> **Material to process**:
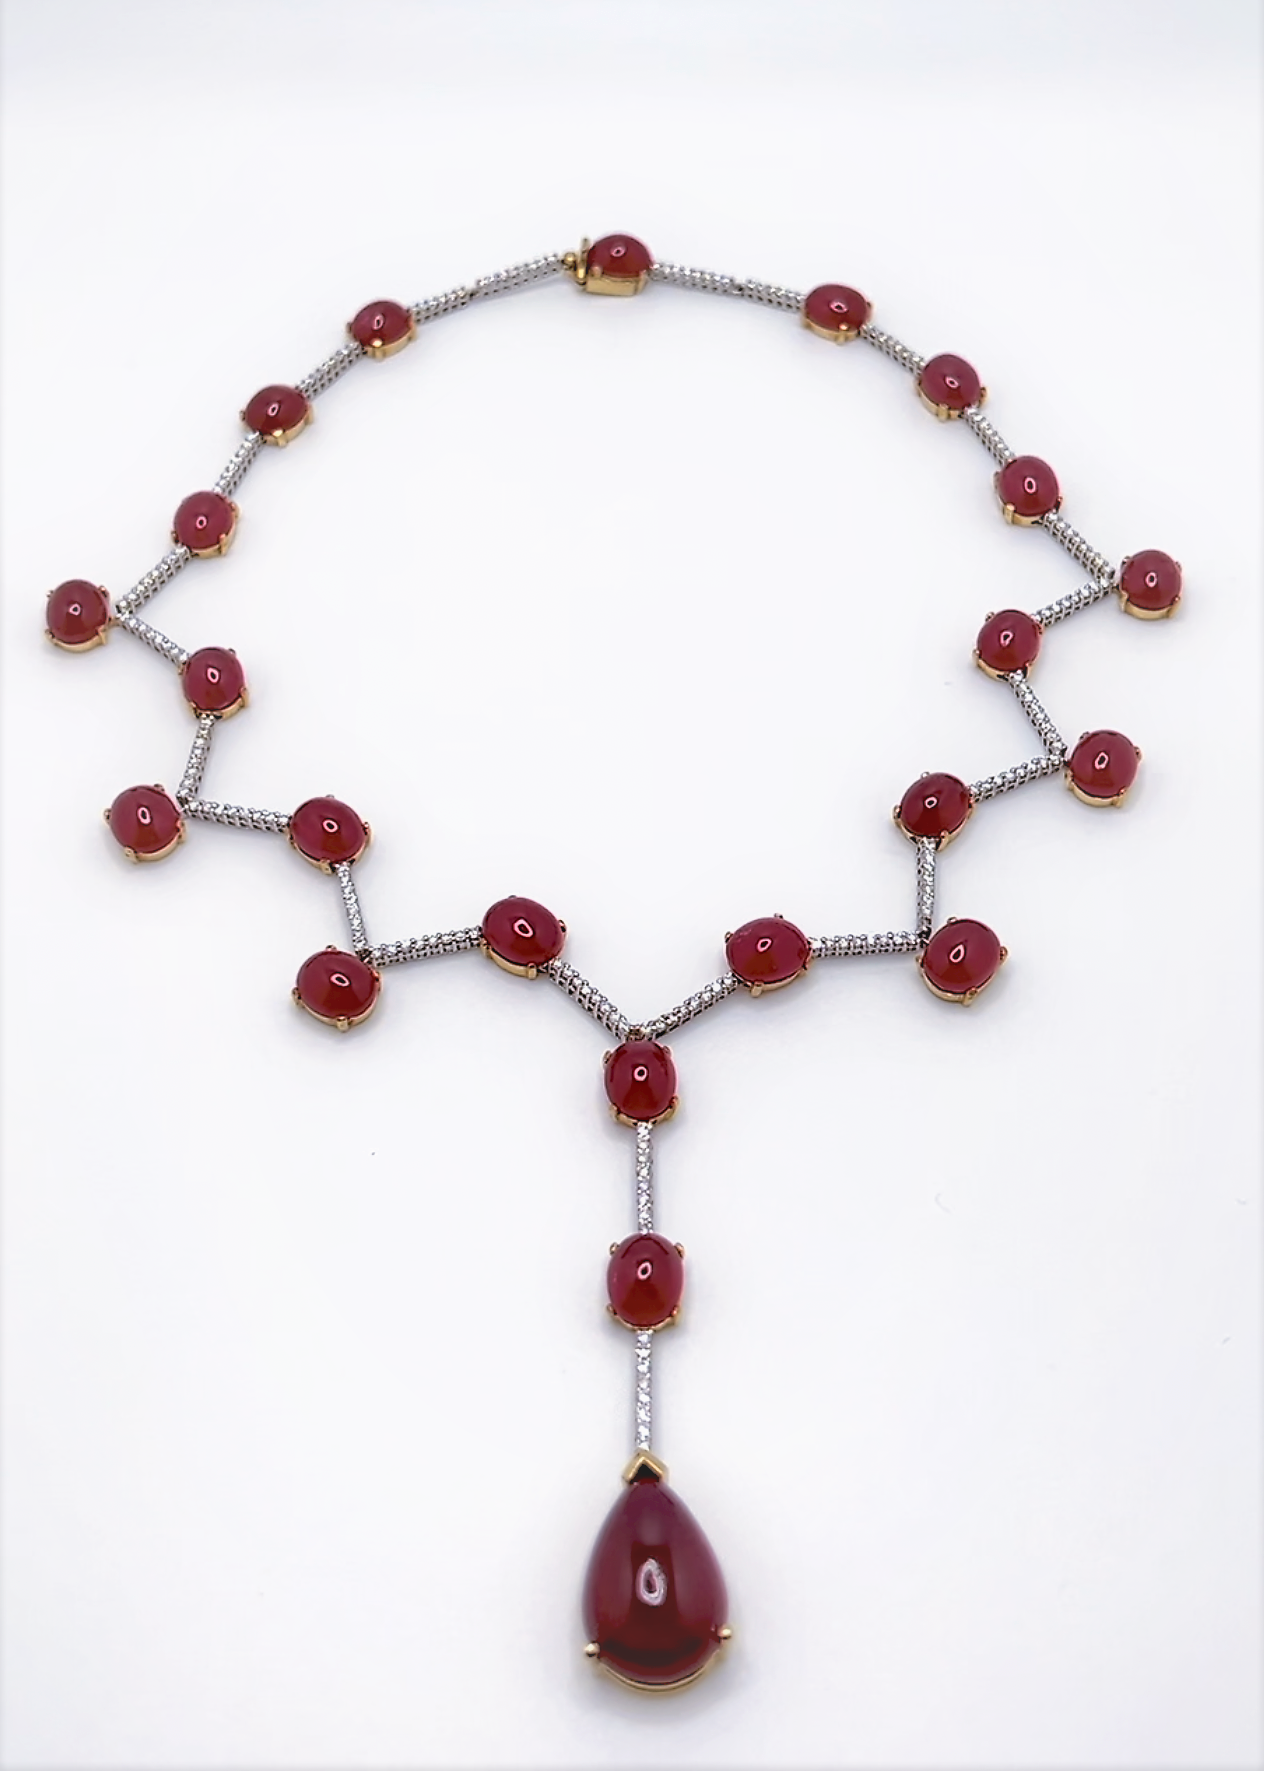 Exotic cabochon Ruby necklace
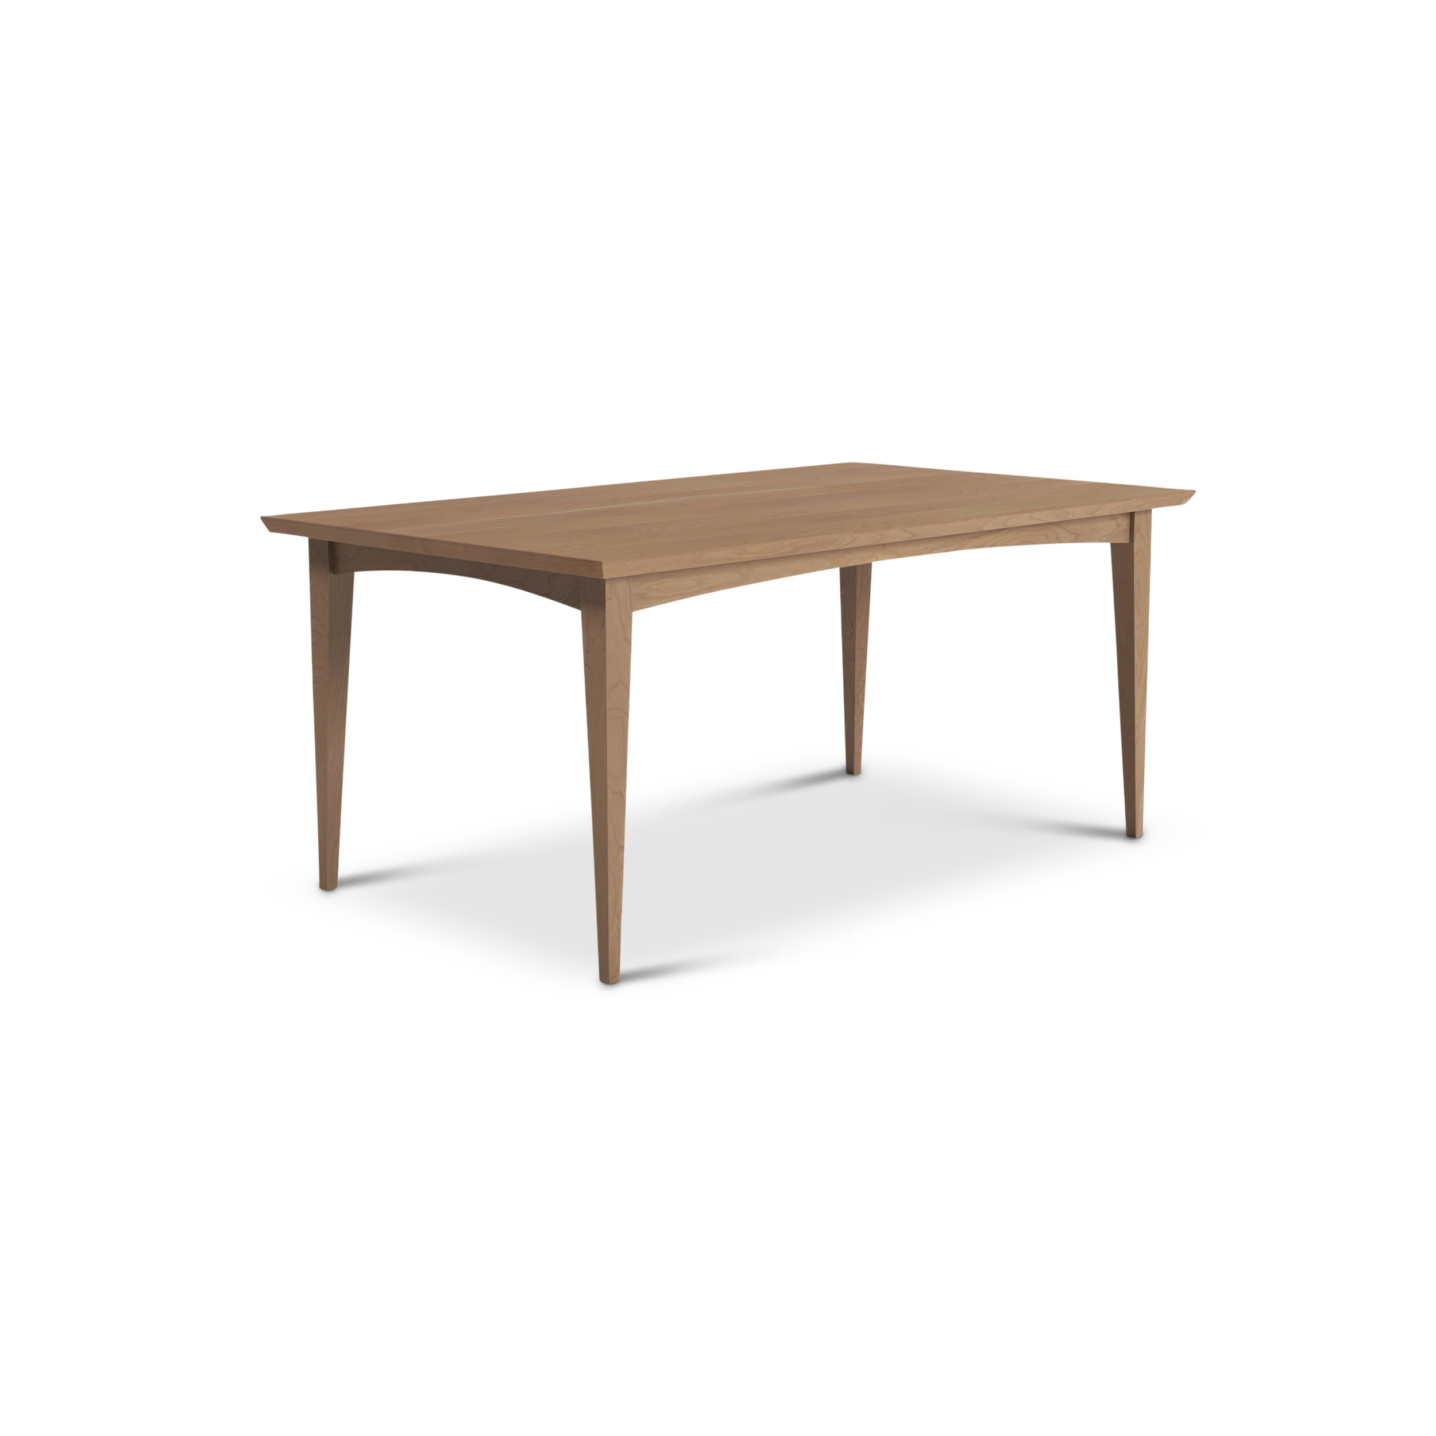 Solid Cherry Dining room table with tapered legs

* * *

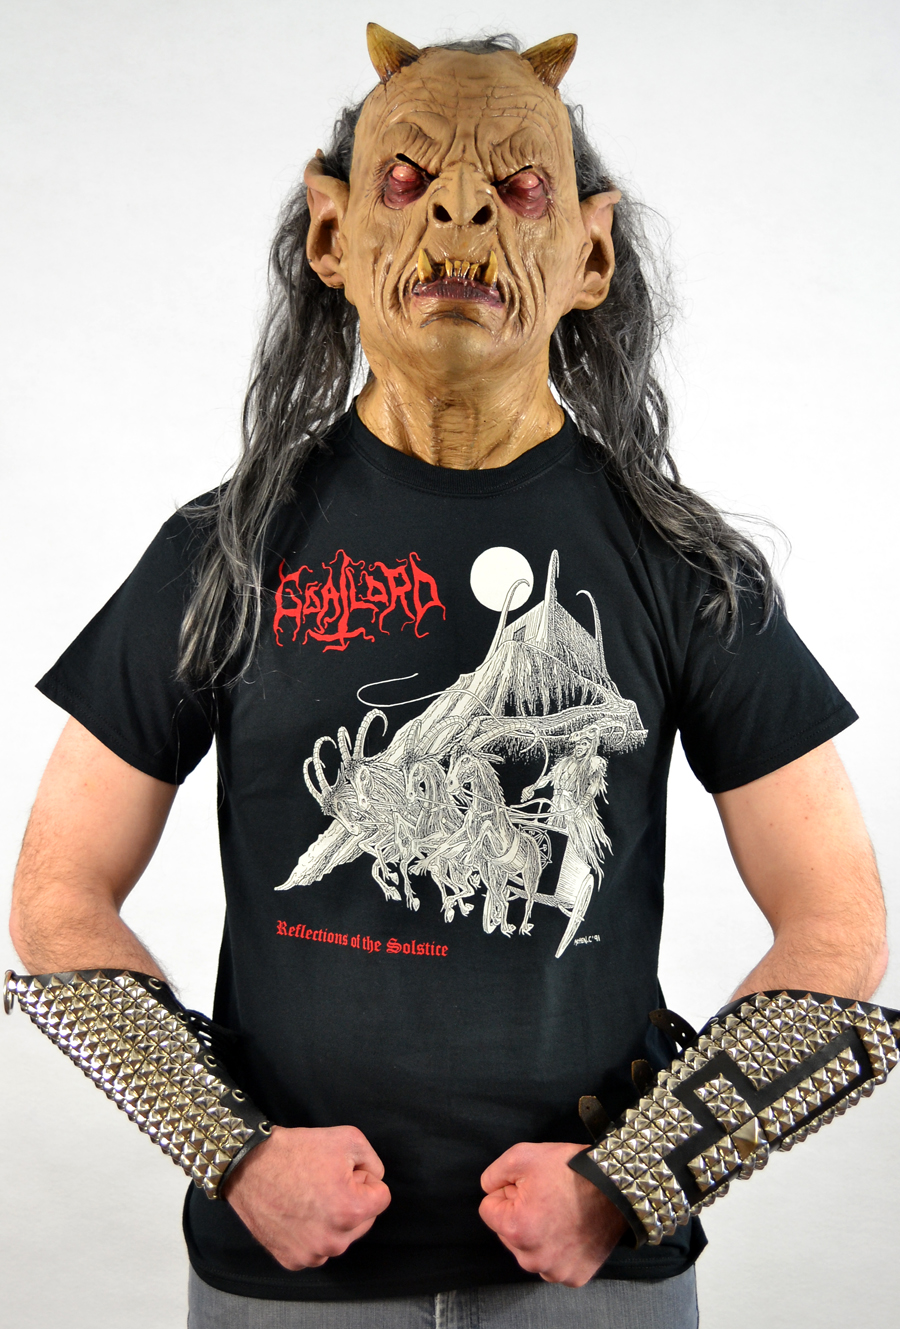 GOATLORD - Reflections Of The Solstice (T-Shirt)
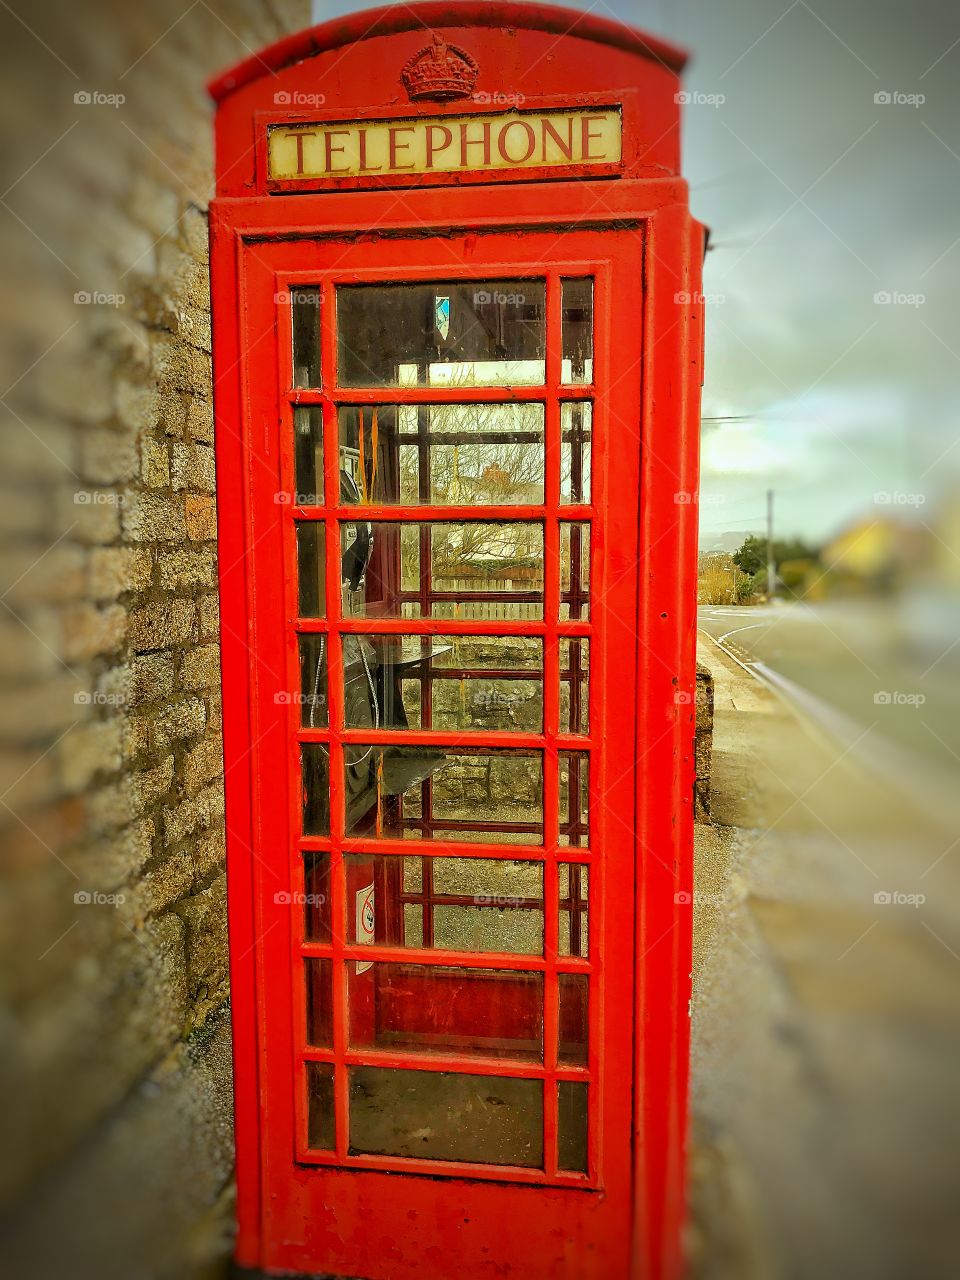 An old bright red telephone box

> **Work task**: Treat the line with "Exotic cabochon Ruby necklace" as the start and the line with "Solid Cherry Dining" as the end, and return exactly that span of the data above, both ends included, without pictures.

> **Your response**:
 Exotic cabochon Ruby necklace
 Solid Cherry Dining room table with tapered legs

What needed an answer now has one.